Vaughn hurried to the computer-like machine desk and started to thumb through the multitude of miscellaneous papers.
"A Brief History of Bob" by Bob Hamelemah. Weird. Who would've thought his last name was Hamelemah.
"An In-depth History of Bob" by guess-who, dah-dah, Bob Hamelemah.
"Bob and Sven, *A Modern Day Romeo and Juliet*" by Reger Ivanavi. Reger? Wasn't that the guy Bob was always commenting on?
"War and Peace . . . " Finally! Something normal. ". . . as told by Bob" Never mind. So much for Tolstoy.
Vaughn was now at the last of the manuscripts. He held his breath and slowly read the title of the tome. "Bob's Many Miraculous Inventions". He picked up the work and paused. He could barely hold it's massive weight. There had better be an index or table of contents.
Vaughn opened the first page. "Chapter One: There Were Inventors. Then Came Bob." Oh crap. This was going to take a while. "Chapter Two: Bob's Early Experiments" Vaughn rolled his eyes. This guy had a massive ego! Finally, he flipped to the last pages. Rejoicing at finding the index and skimming it quickly, Michael flipped to page 789. "Sydys Handcuffs".

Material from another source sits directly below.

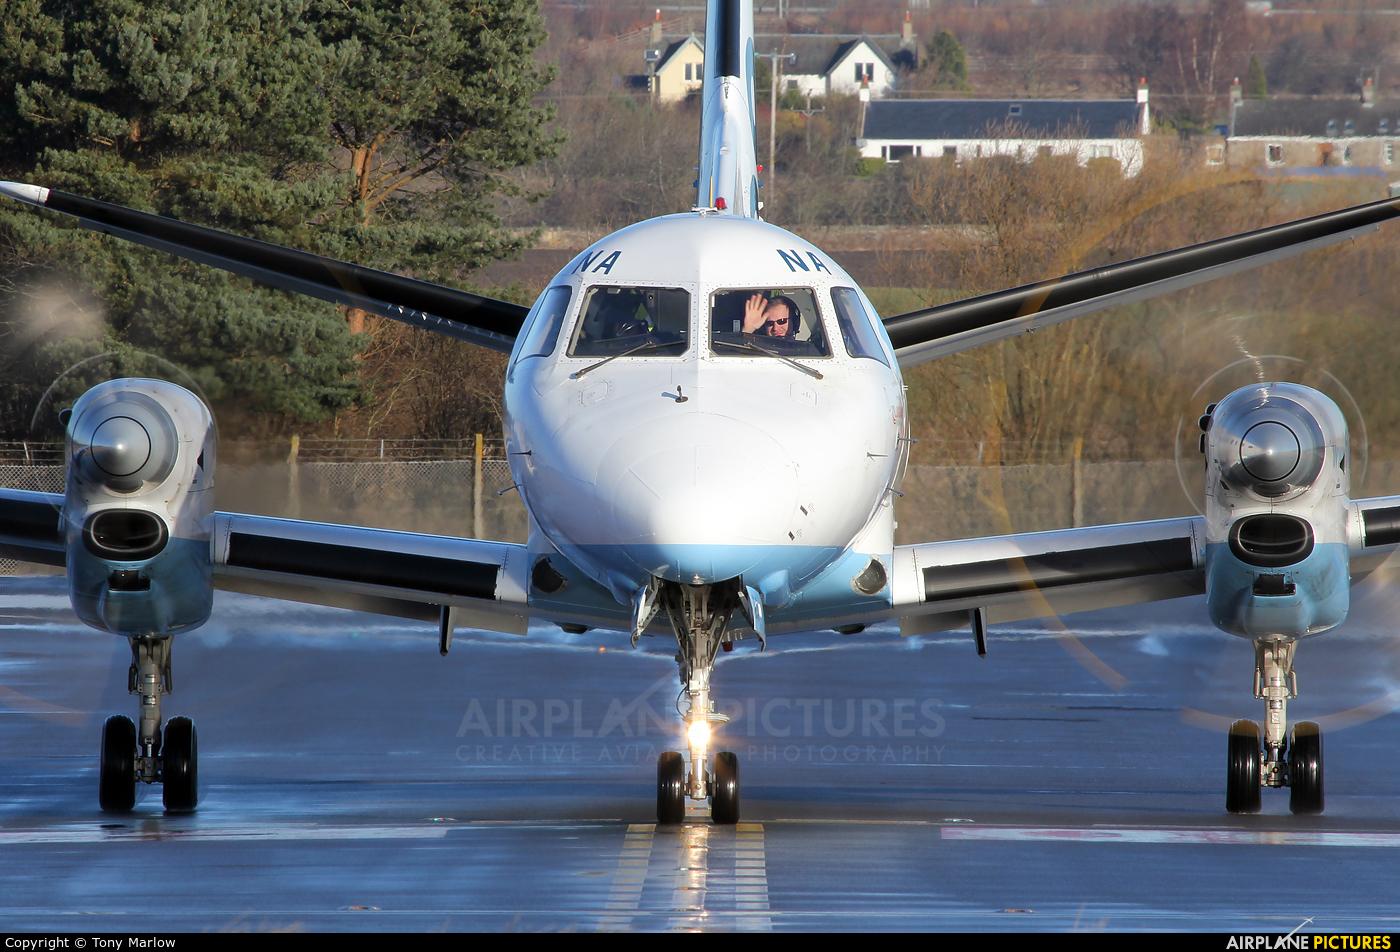 FlyBe - Loganair G-LGNA aircraft at Edinburgh

"Love, we have a problem."
"Dear?" Sydney raised her head from where she had been day dreaming of weddings, flowers, and cheap champagne.
"It's in what looks like Sanskrit."
"Umm. . . I don't speak Sanskrit, hun."
"I know. That's the problem. I don't either." They exchanged meaningful looks.
"Looks like I'm going to be here for a while. You might as well tie up Bob for the moment."